Terminally differentiated keratinocytes are constantly replenished by differentiating keratinocytes moving from the inner skin layers. Physiological shedding of corneocytes (desquamation) is enabled by tightly regulated proteolysis of (corneo)desmosomal proteins via a proteolytic cascade, in which enzymes from the kallikrein-related peptidase (KLK) family play dominant roles (Borgoño et al. 2007; Ovaere et al. 2009; Sotiropoulou and Pampalakis 2012; Bisyris et al. 2021). Aberrantly elevated epidermal proteolysis, as for example is observed in Netherton syndrome and other skin diseases, results in dissociation of the SC from the SG, leading to severe impairment of the skin barrier, which is linked with abnormal differentiation.

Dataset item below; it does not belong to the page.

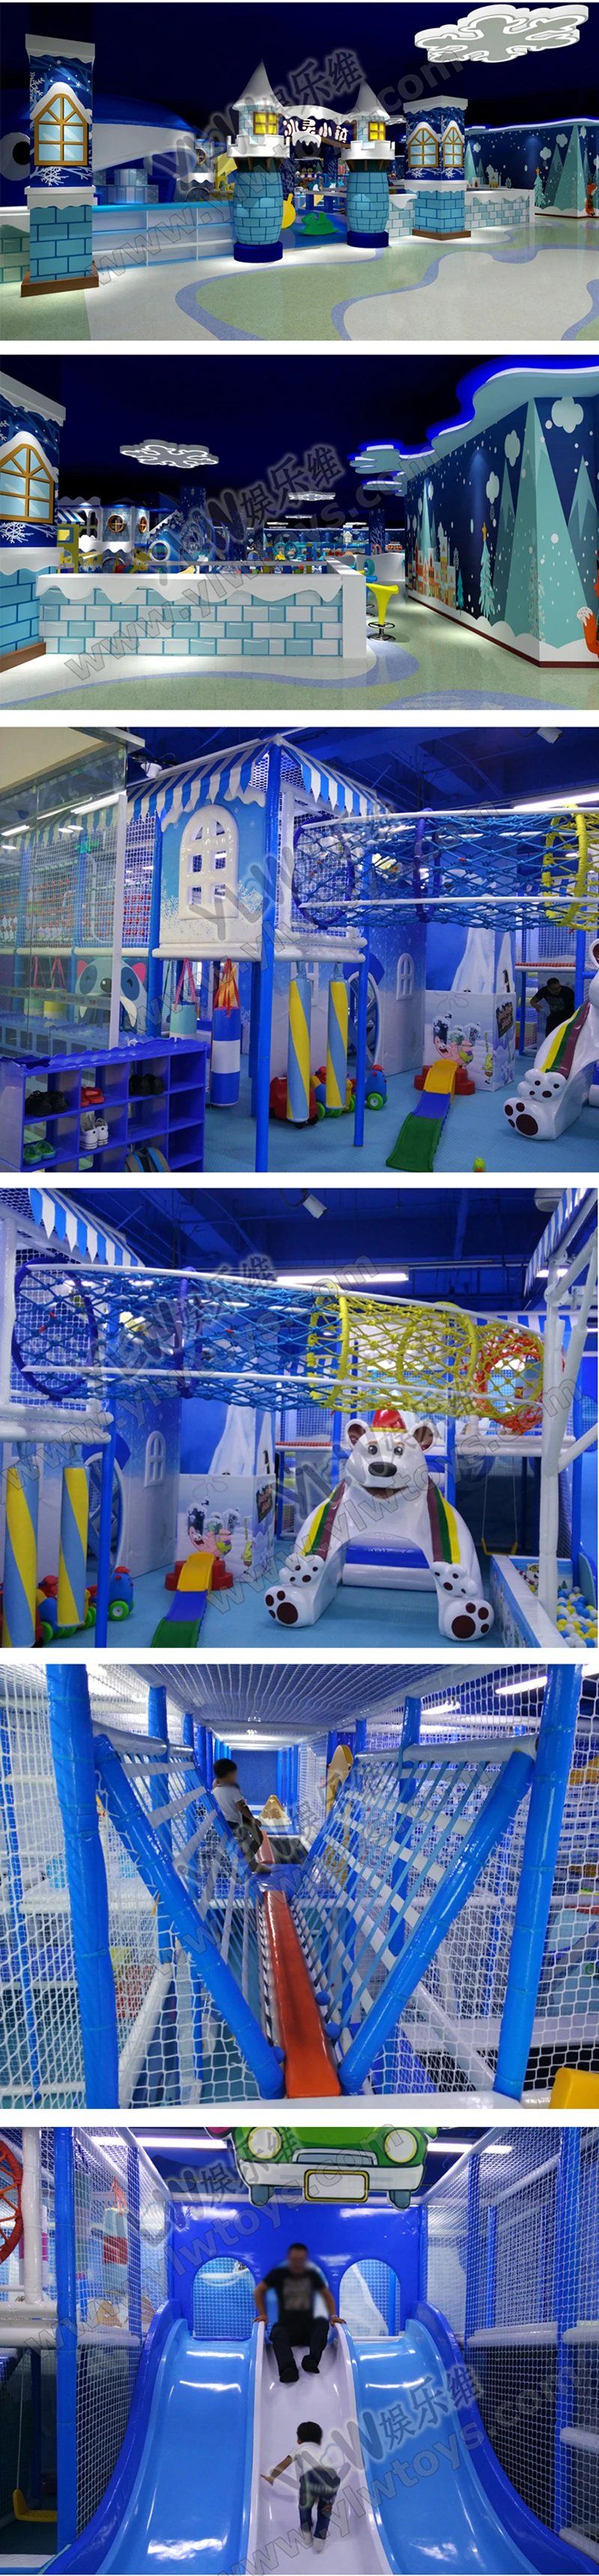 CE, TUV сертифицированный дети развлечений слайд мяч бассейн крытый конструкция детской площадки коммерческих Крытый мягкий игровой дом

The development of the epidermis in mouse and human embryos is a very similar process, as schematically depicted in Fig. 1. In the implanted human blastocyst, the “epidermis” is first defined on days 7 to 8. At this stage, the primordial epidermis is composed of a single layer of cells and is referred to as indifferent ectoderm. These cells are loosely integrated along basal lamina and form the basal cells. During the first embryonic month, the stratification process is initiated in the epidermis to yield the periderm that will transiently cover the skin until the epidermal differentiation process is complete. During the end of the third month of embryonic development, basal cells will proliferate and generate multiple layers that form the stratum intermedium that will eventually form the SS. Stratum granulosum and stratum corneum form in month six (Holbrock, 1979). In the mouse embryo, the series of events is similar, as depicted in Fig. 1, but significantly faster, and leads to the development of a mature epidermis by day 18.5 (Du et al. 2018).
Fig. 1.
(A) Schematic representation of human and mouse epidermis development. Skin tissue rises from the ectoderm, a single layer of progenitor cells of keratinocytes. At the end of the 4th week of life, the development of human epidermis begins, and by the end of the 5th week, the periderm has been developed lying on the basal layer. Differentiation processes initiate around week 11, and by the 20th week all epidermal layers have been formed. Development of murine epidermis initiates around E8.5 from ectodermal keratinocytes that express keratin 8 and 18. On E10.5, the stratification process initiates and keratinocytes express keratin 5 and 14, and subsequently stratum spinosum is formed. On E15.5, keratinocyte early differentiation initiates to form stratum granulosum. On E16.5, keratinocytes lead to cornification. Finally, by E18.5, stratum corneum is formed. (B) Architecture of human and mouse skin. Human and mouse skin share common histological characteristics consisting of three distinct layers: the epidermis, the dermis underneath, and the hypodermis. A major difference between human and murine skin is the thickness of the tissue: more than 100 μm and less than 25 μm in human and mouse, respectively.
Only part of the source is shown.